Zaldívar is not like César’s wife – Amarres

Maybe one day we will know if the anonymous complaint filed against collaborators of Arturo Zaldívar in the Supreme Court and the Judicial Council is true or not. Likewise, it is not impossible that within a few months—or years—it will be known whether the accusations against his three subordinates involve him or not. But from today there is something we do know: his behavior is incomprehensible outside the Mexican tropics (even though he comes from the highlands).

Illustration: Víctor Solís

In many countries, appointments to the highest constitutional court—whether called the supreme court, constitutional council, high court, or supreme court of justice—are for life. In others, these are appointments of the Executive Branch, ratified or not by the Legislative Branch, and are valid for a specific period. In the first case, there are no uses and customs in relation to the activities of the members of the body in question, by definition; In the second case, there may be explicit or tacit prohibitions on certain activities once the period for which they were appointed has concluded.

But I doubt that what Zaldívar has done in Mexico will be allowed in many countries. I am not referring, of course, to early resignation. In the United States, for example, Minister Stephen Breyer left office during his lifetime to allow Joe Biden to appoint a successor of the same legal inclination. And Ruth Bader Ginsburg was harshly criticized for not having resigned in time for Barack Obama to nominate someone to replace her, even knowing that she was suffering from terminal cancer. I am referring to Zaldívar’s transition from the Presidency of the Supreme Court to electoral activism in Claudia Sheinbaum’s campaign.

It may be answered that no one can deprive a citizen of his political rights, which include, of course, political proselytism. It is not entirely true: the military, priests, certain prisoners, and certainly officials of all kinds sacrifice some of their political rights in exchange for others. The loss can be formal, or implicit: the American Supreme Court justices, when they attend the presidential report, do not applaud or stand up during the president’s speech. And Mexican ministers cannot hold public office until two years after leaving the Court.

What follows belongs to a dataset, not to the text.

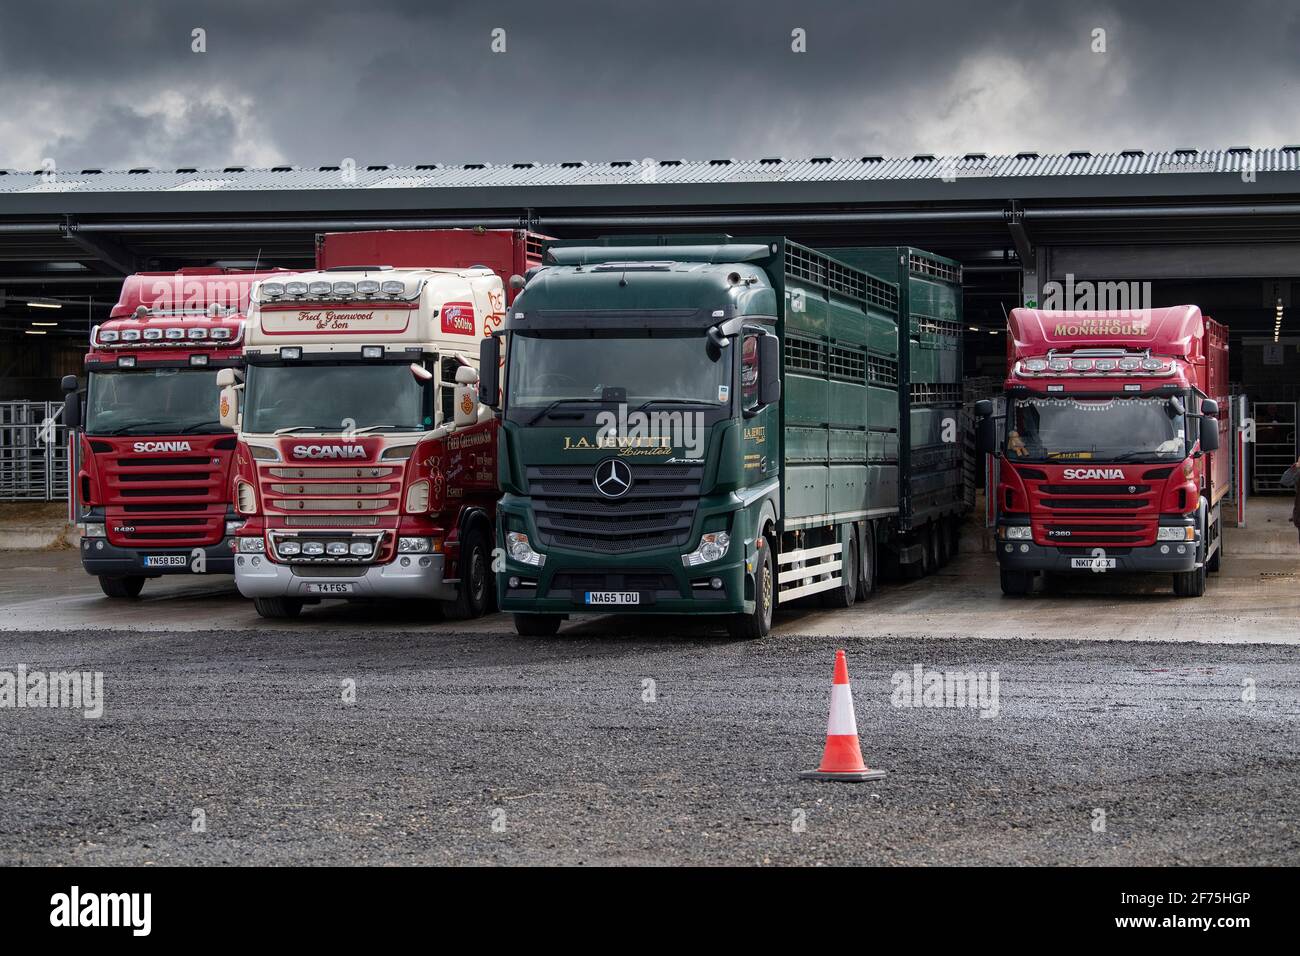 Vagones de transporte de ganado estacionados en un mercado de subastas, Darlington, Reino Unido Foto de stock

The problem is not legal, however. It consists of the famous adage about Caesar’s wife: she must be above suspicion. How can we believe that Zaldívar did not sympathize—was not partial to—the legal causes—the cases before the Court—before he joined the 4T? How can we not think that he could have failed in this or that case, in this or that way, in exchange for later support for the cause that he would join, also later? And in fact, how can we not suspect that the leak of the complaint, and this one itself, are not due to friendly fire, that is, to legal, personal or adversaries? politicians of Zaldívar within the Judicial Branch?

The best way to avoid all this—as well as many other consequences of a similar nature—was to respect the letter and the spirit of the “waiting” law: two years without position and without activity policy, at least for a Supreme Court minister. To spare us all suspicions of Zaldívar’s previous bias. And save him the suspicion that he has actually carried out all the activities described in the complaint, in collusion with government officials, judges and law firms. Unless the suspicions are not… suspicions, but realities.

Jorge G. Castaneda
Secretary of Foreign Affairs of Mexico from 2000 to 2003. Professor of politics and Latin American studies at New York University. Among his books: The two left and United States: in privacy and from a distance.